How do the police know that you have guns? In most US states, there is no registration of guns.
When you purchase a gun from a gun store, you fill out a form 4473, for the purposes of a background check. The ATF has a record of gun transfers, but not a list of who currently owns a gun. If they recover a gun from a crime scene, then can go through the records to see who was the last owner.
The kink in this system is that private sales of guns is legal in most states as well. No background check, no record keeping required, just a good faith effort to ensure that the person you're selling it to can legally own a firearm.

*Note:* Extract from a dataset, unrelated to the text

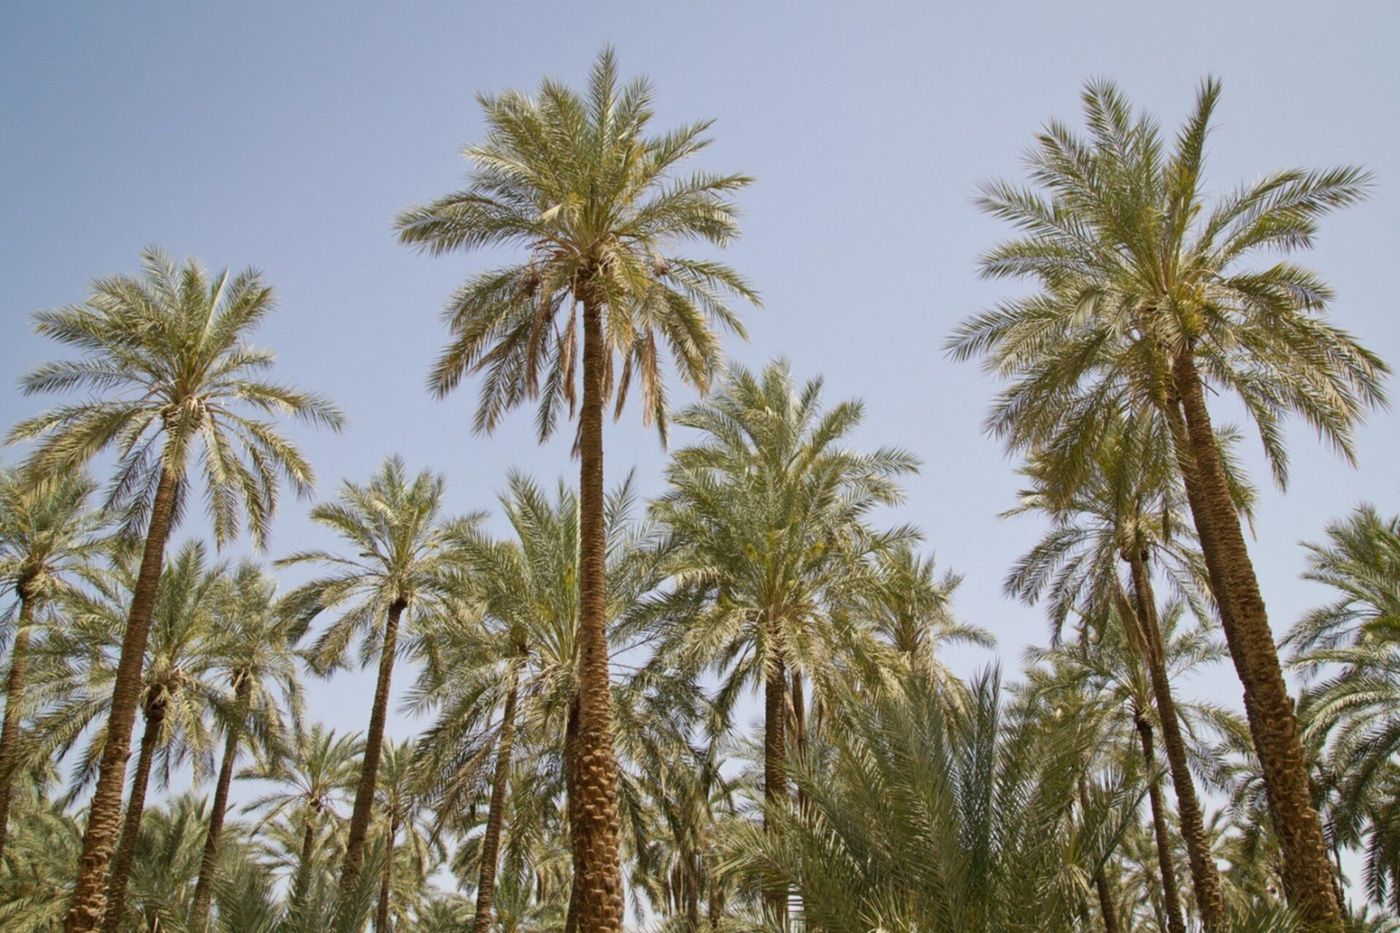 Tolga - Les palmiers dattiers

So if the police come knocking on your door and ask for your guns, you can simply say "I sold it 2 years ago, but unfortunately I didn't keep any information on the new owner." The police would then need to have probable cause to search your residence for the weapon (which they very well could get depending on the evidence they have).
Collecting all the guns in the US won't be an easy task.
Compliance with California's required registration of "assault weapons", in the 1990s, was estimated at about ten percent. The official assessment by the CA Dept of Justice was that the registration effort had been a failure.
You might get a few. Very quickly, cops would refuse to go door to door (being fired from your job is better than being dead). Maybe you could get the military to do it.
There's a paper on this somewhere (I'll see if I can dig it up) that estimates the lifetime of firearms in the US at about 300 years, if we stopped selling them today and banned their transfer. I forget what the "confiscation" estimate was -- I don't think it changed much.
Hacker News relevance? Legislation doesn't solve a damned thing. Remember the crypto wars of the 90s? Imagine taking crypto away from people now.
You can't turn off 300M firearms, or (guessing) millions of people willing to use them.
Anyway, the 1st amendment is the one he wants.